As human impact and climate events continue to take a toll on the world’s kelp forests the biggest priorities are protection and restoration, but it comes with difficulties.

“Traditional methods for restoring kelp under water rely on scuba divers manually planting the reef with kelp one by one, which can be inefficient, expensive and potentially dangerous,” Professor Wernberg says.

In 2020, with funding from the Australian Research Council, and in collaboration with scientists at the Institute of Marine Research in Norway, the team developed green gravel – small rocks seeded with kelp.

“Green gravel can be an efficient solution for the safer, and potentially large-scale restoration and replenishment of damaged kelp forests,” he explains.

The restoration starts in the lab where during its early stages of life the kelp secretes a sticky substance, which it uses to attach itself to the small rock. 

Once established, the kelp and their rock anchors can be scattered from a boat on to the reef where some species can reach full canopy height in about a year. 

The green gravel work has gained international recognition, and the team now leads the Green Gravel Action Group, whose mission is to develop, test and apply green gravel and other seeding-based methods to restore carbon-capturing forests.

Countries trialling and testing these green gravel techniques include Norway, Portugal, Sweden, UK, USA, Canada, Peru and Chile.

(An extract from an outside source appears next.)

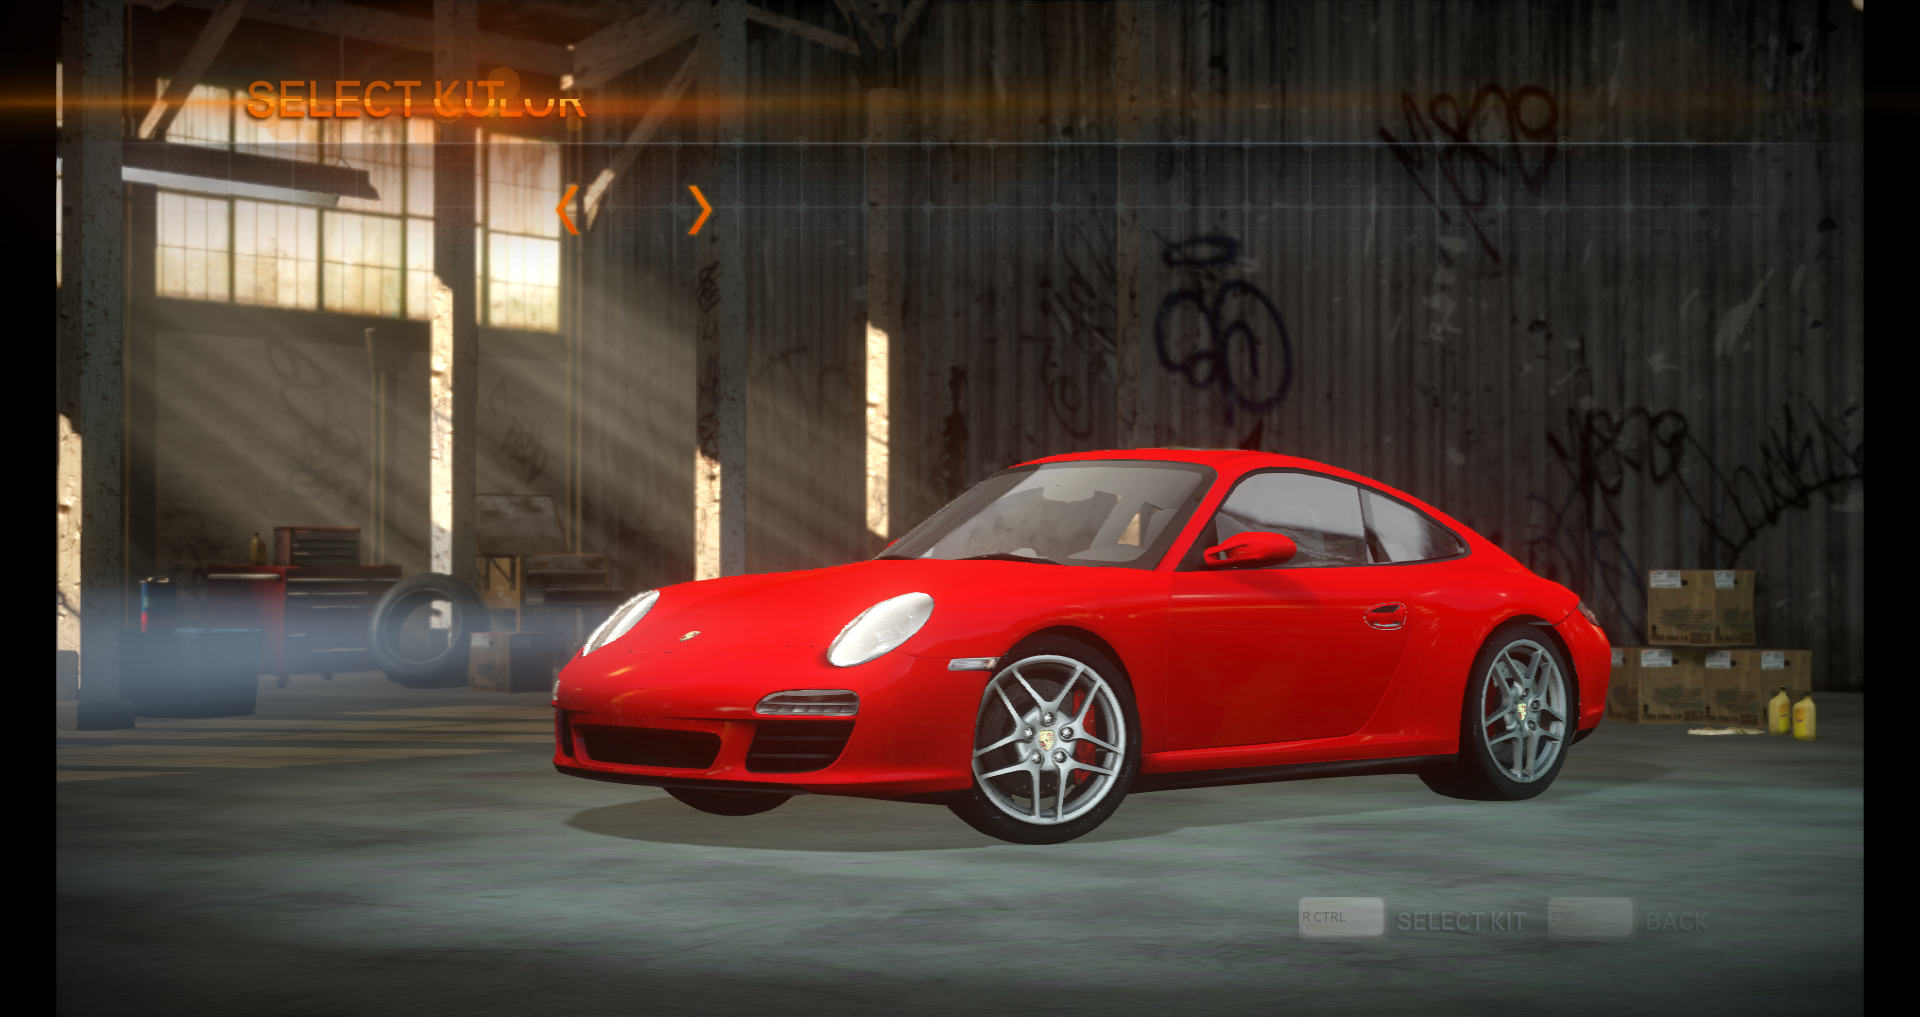 Porsche 911 Carrera 4S (997.2)
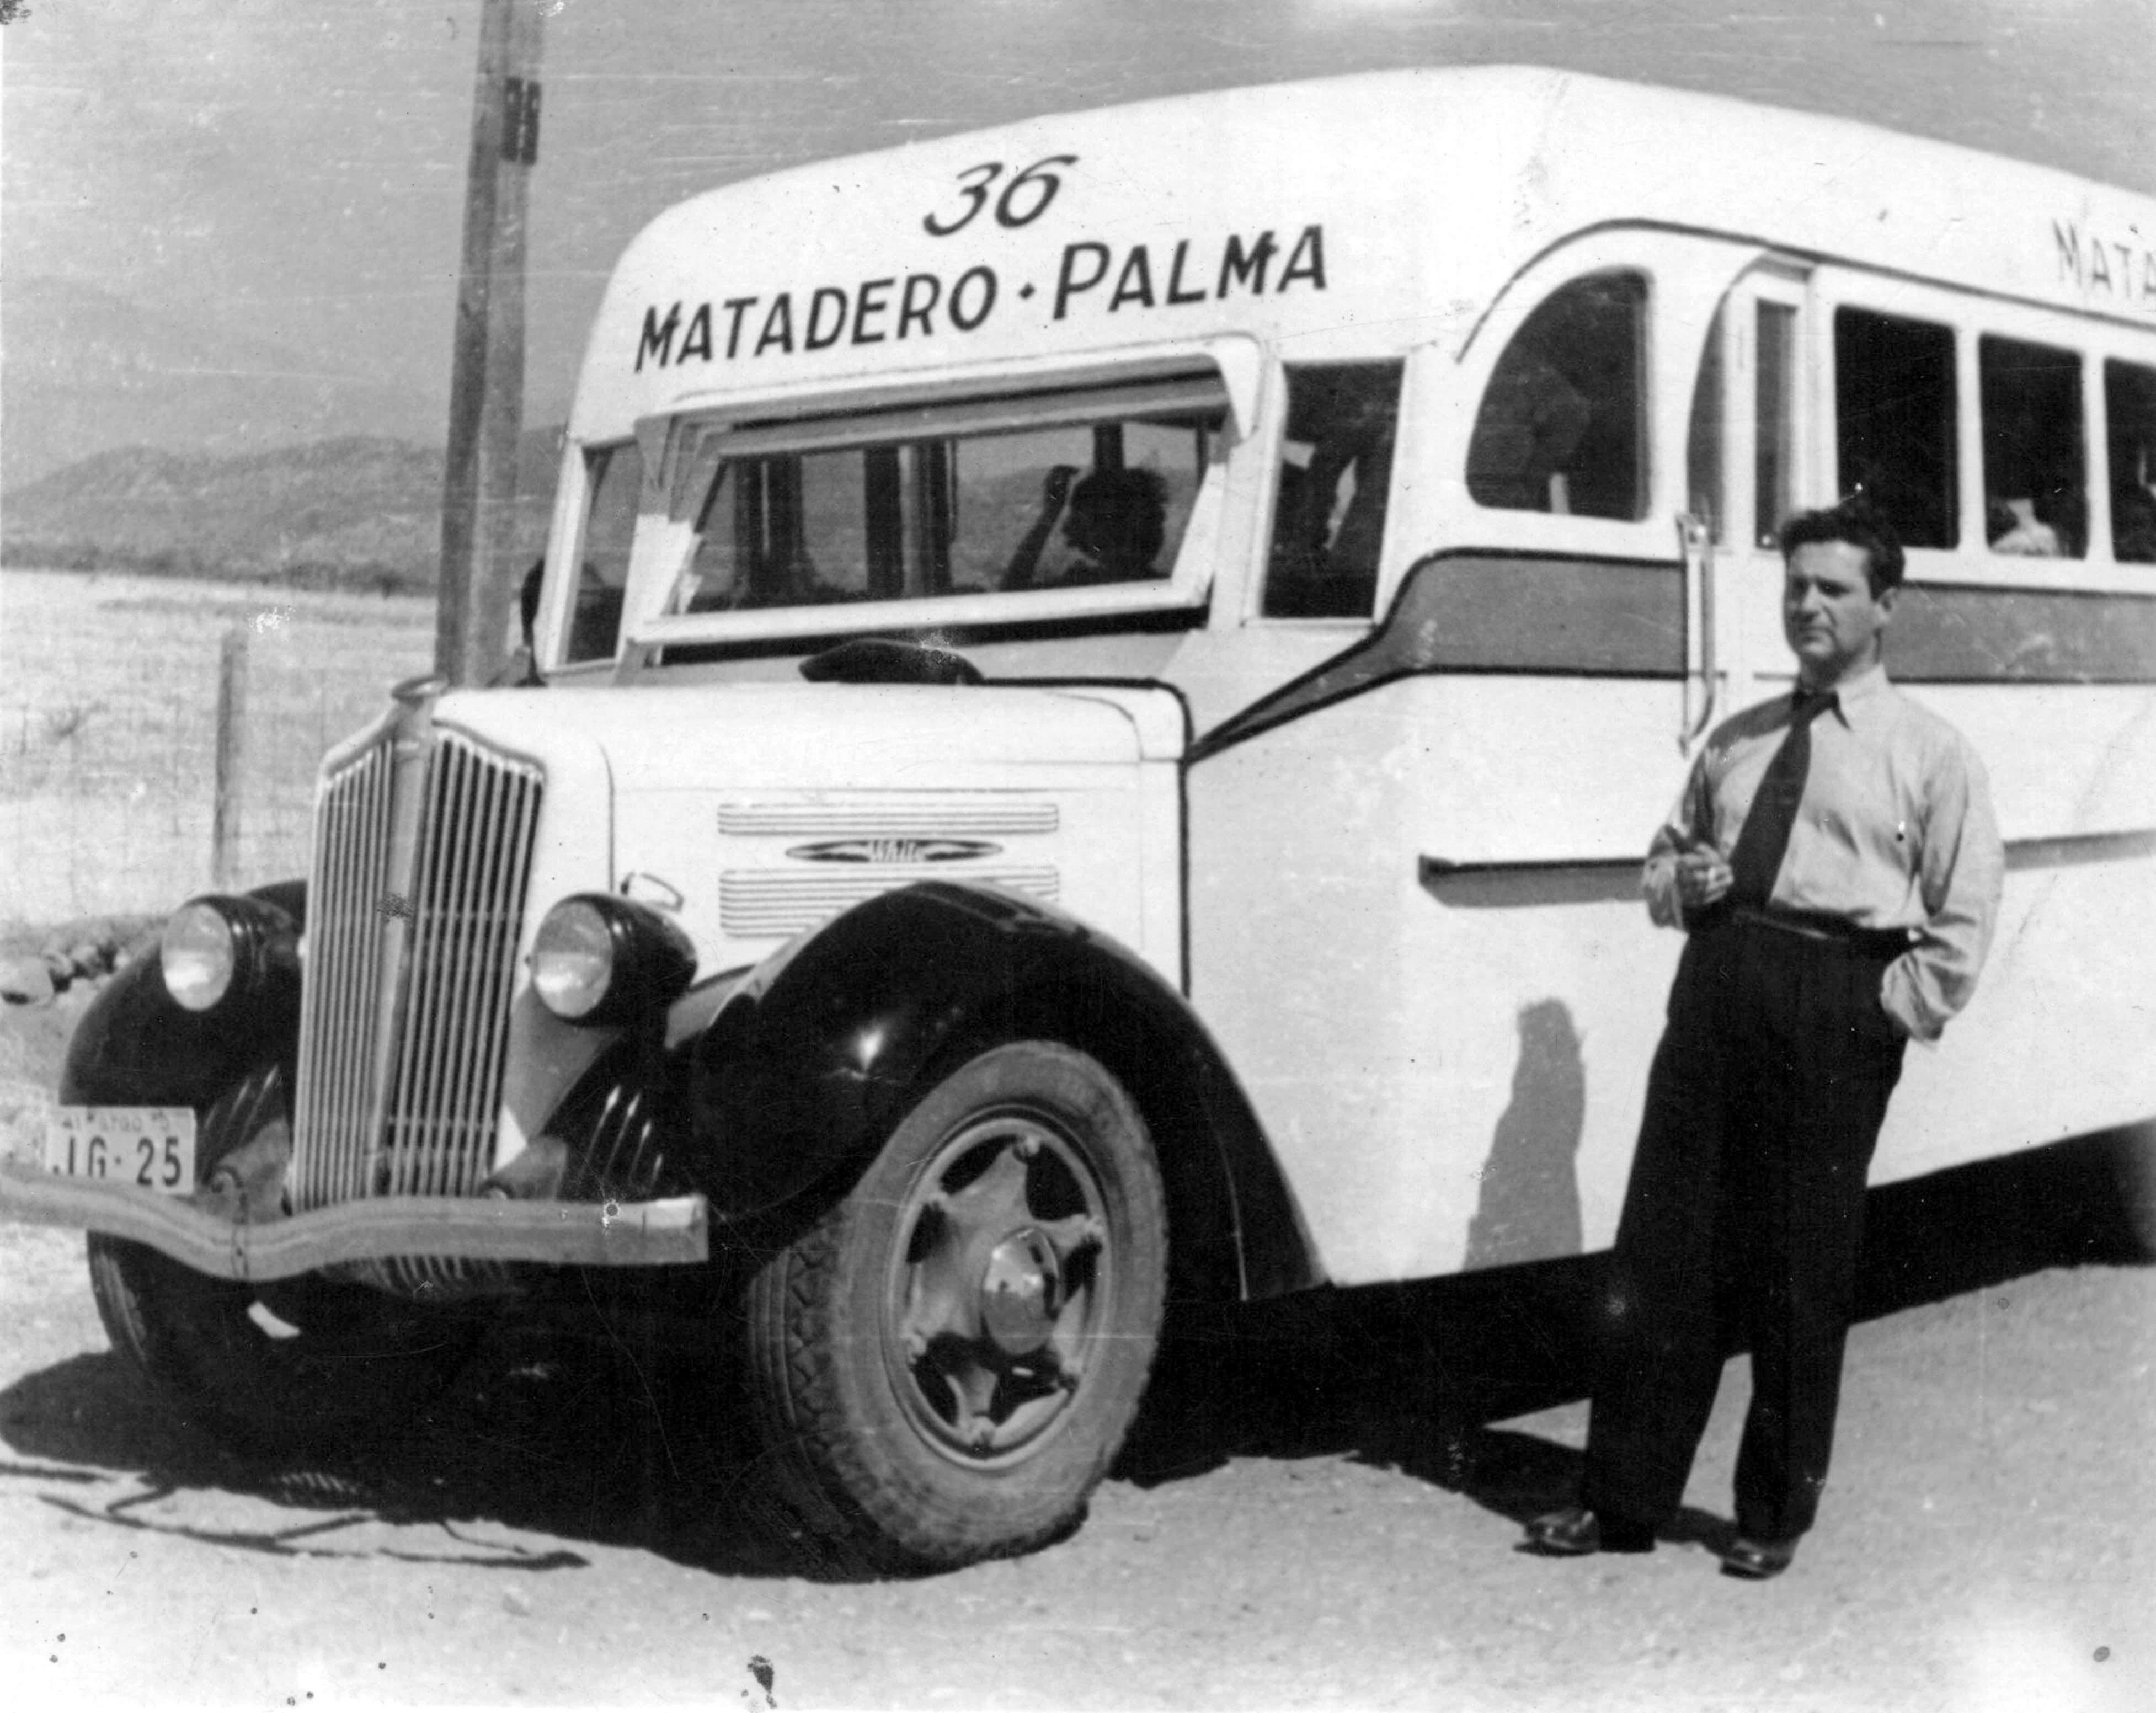 Enterreno - Fotos históricas de chile - fotos antiguas de Chile - Bus Matadero Palma, 1940

“Initial trials have shown promising results, and we are now working to develop the technology for cost-effective, large-scale production,” Professor Wenberg says.

Interest in the team’s work is growing from fish and seaweed farmers who see the potential of green gravel as an alternative revenue stream. 

They have also collaborated with the Schmidt Marine Technology Partners who have funded the team to develop a concept to upscale green gravel seeding and make it available to community groups and local municipalities.

“We want to promote the value proposition for kelp: not only ecological, but also socio-economic services that kelp forests provide,” Professor Wernberg says.